*WHAT THE EXERCISE ASKS*
The data that follows is to be copied exactly, with each image removed.

*INFORMATION SUPPLIED*
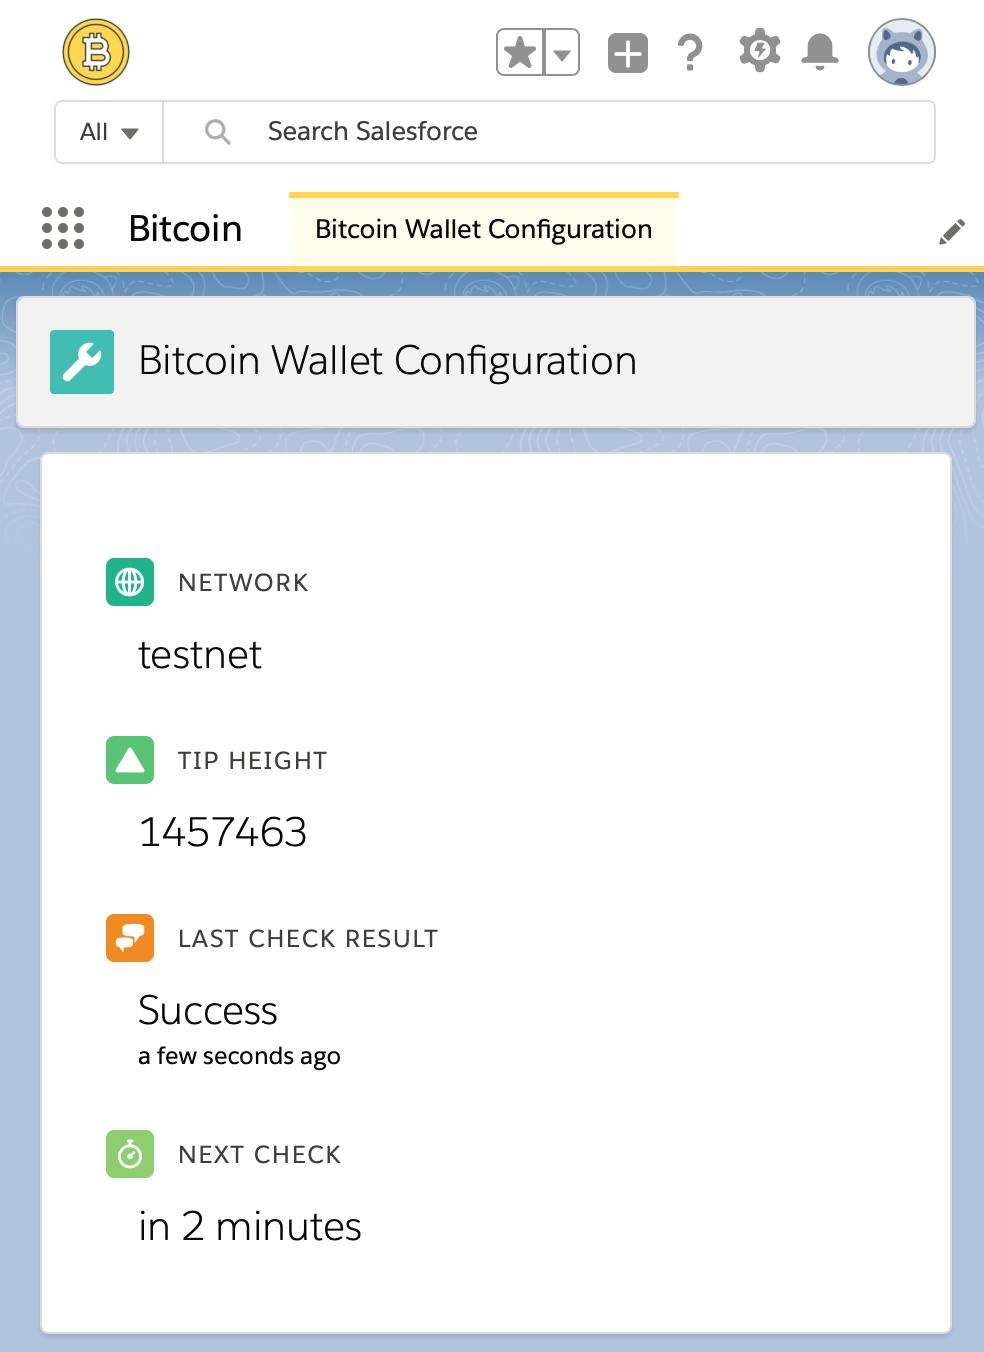 The blockchain status screen
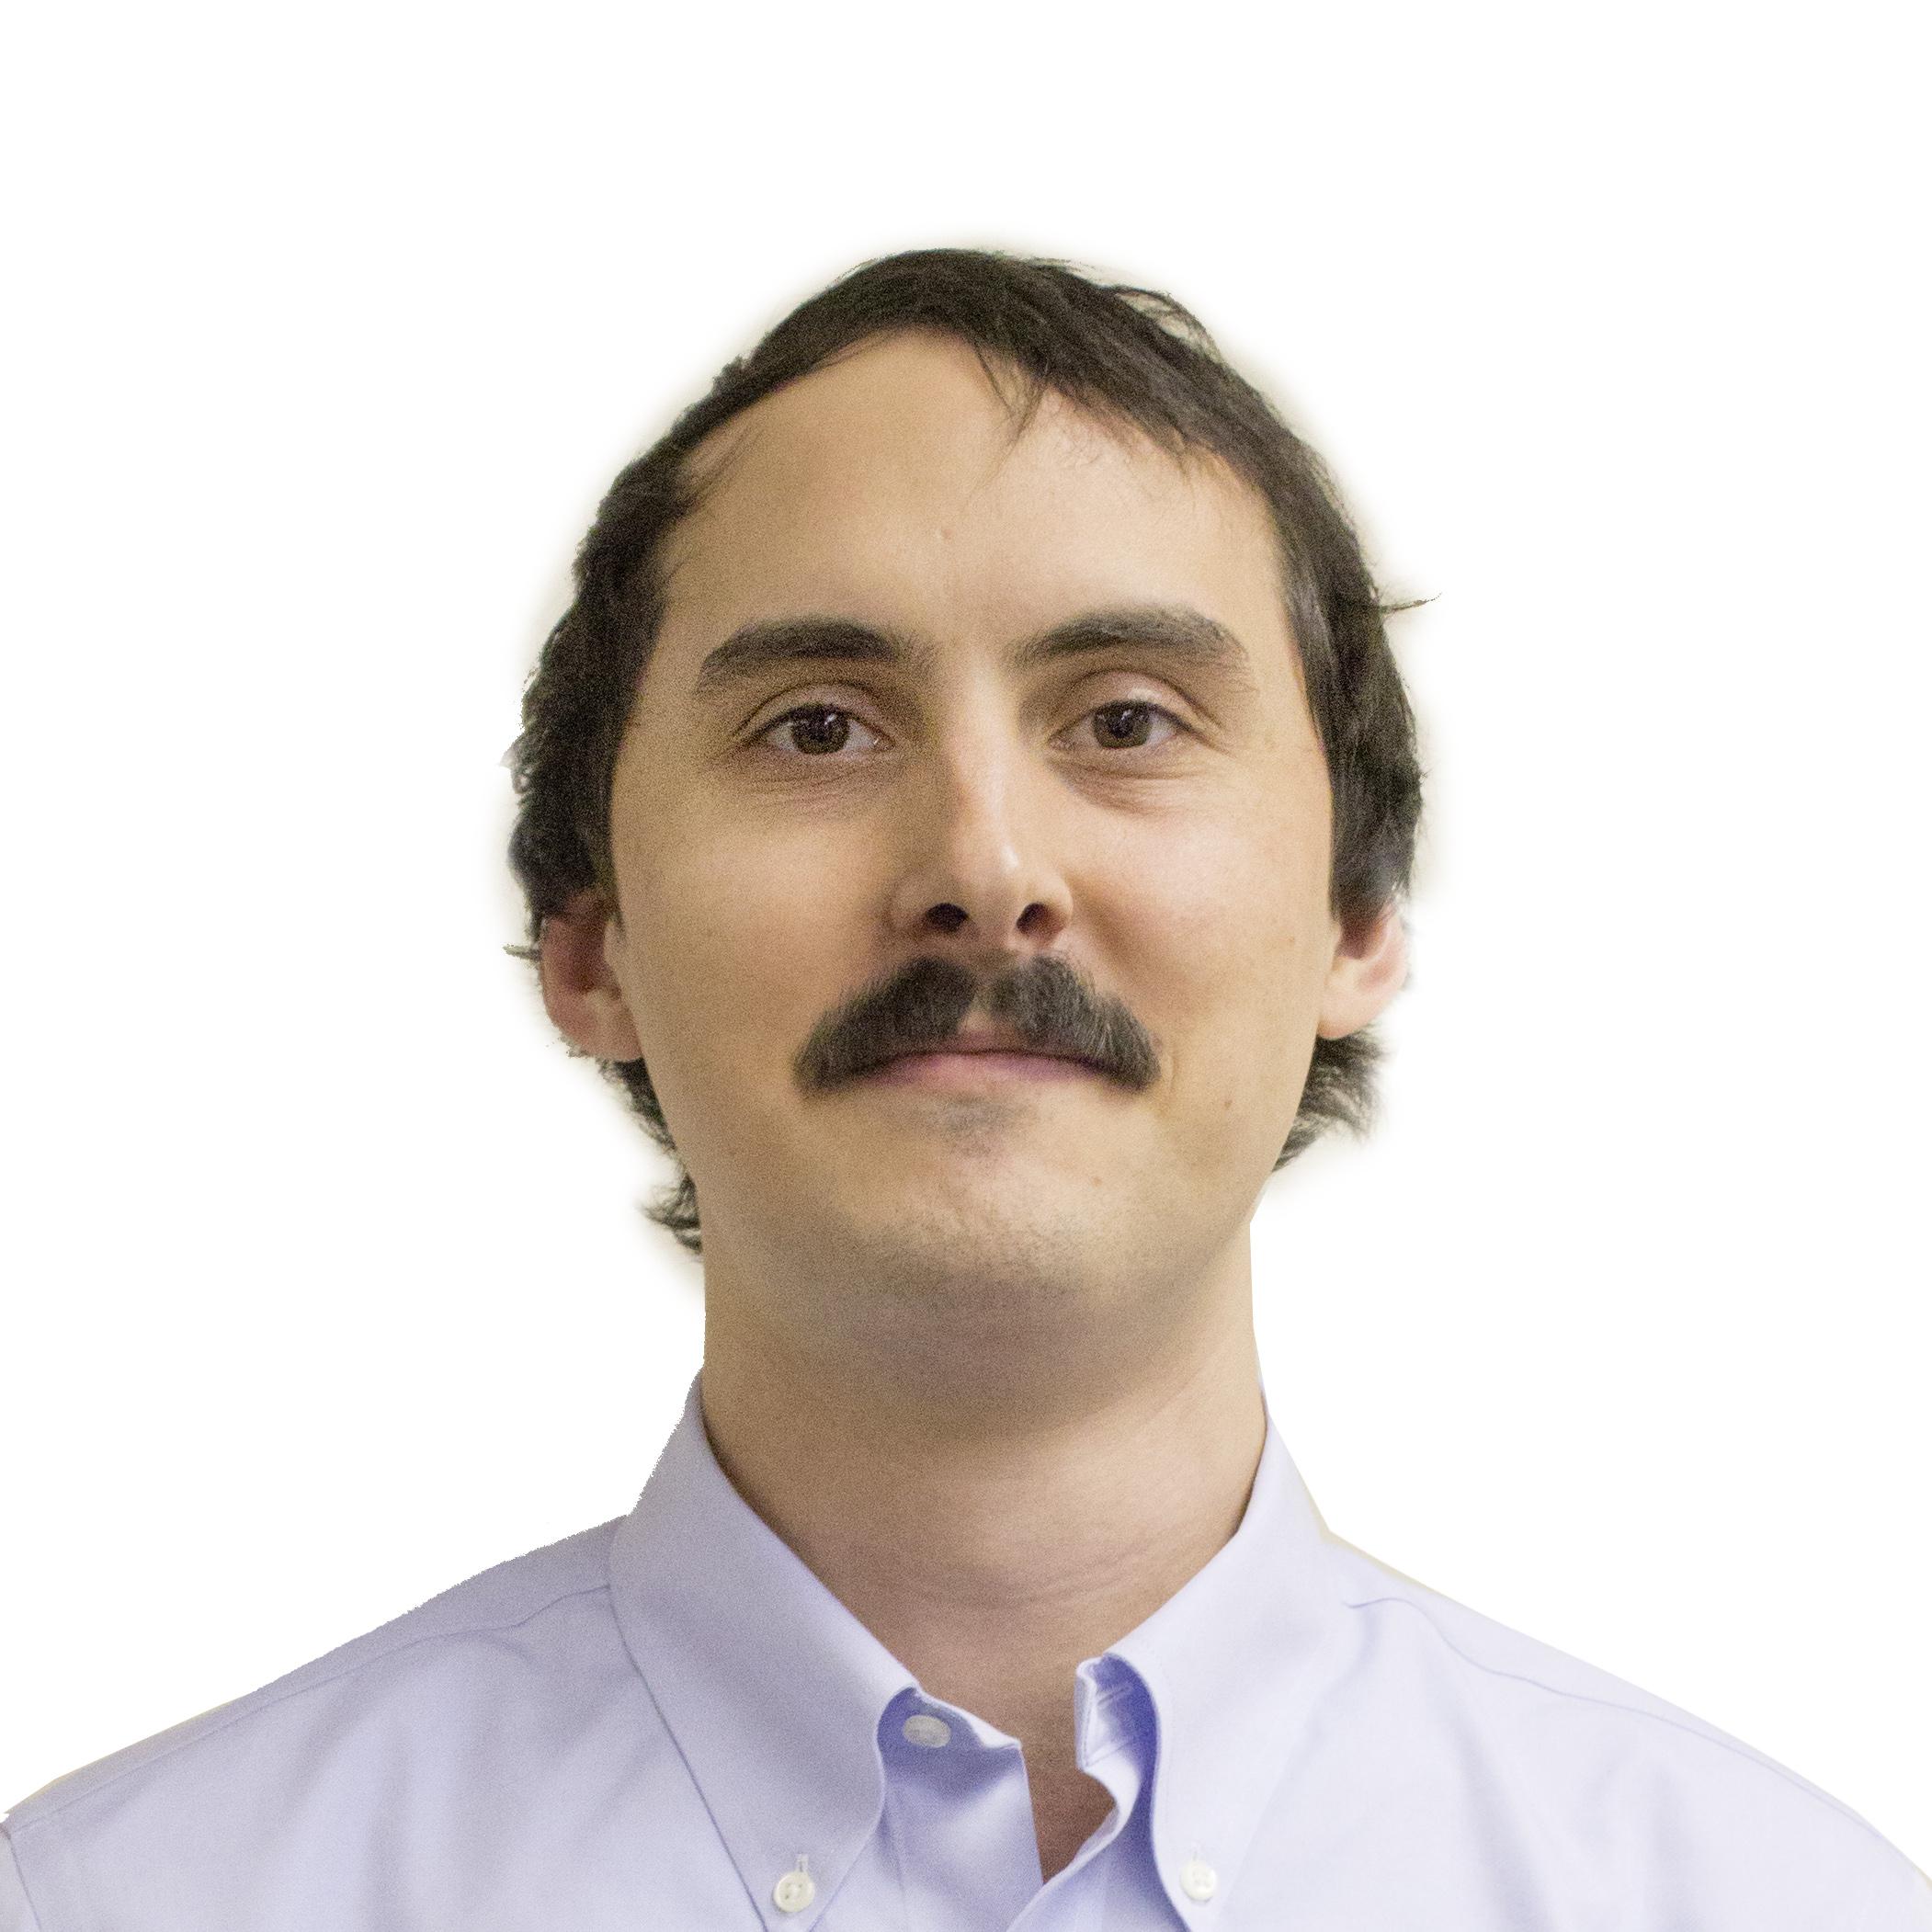 Charles Putman, Project Accountant
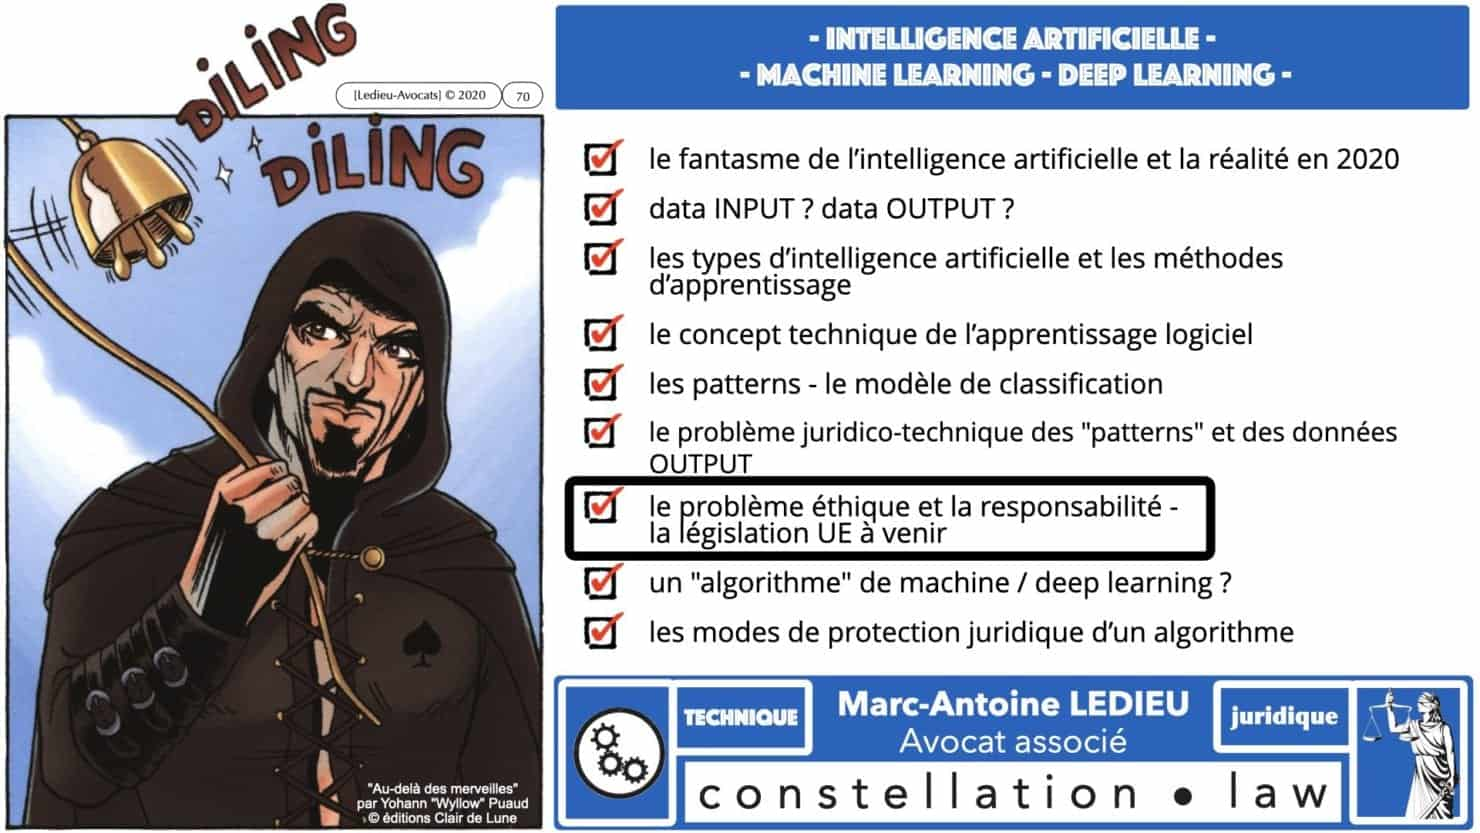 307 Intelligence artificielle-machine-learning-deep-learning-base de données-BIG-DATA *16:9* Constellation ©Ledieu-Avocat-13-10-2020.070

*SOLVED EXERCISE*
 The blockchain status screen
 Charles Putman, Project Accountant
 307 Intelligence artificielle-machine-learning-deep-learning-base de données-BIG-DATA *16:9* Constellation ©Ledieu-Avocat-13-10-2020.070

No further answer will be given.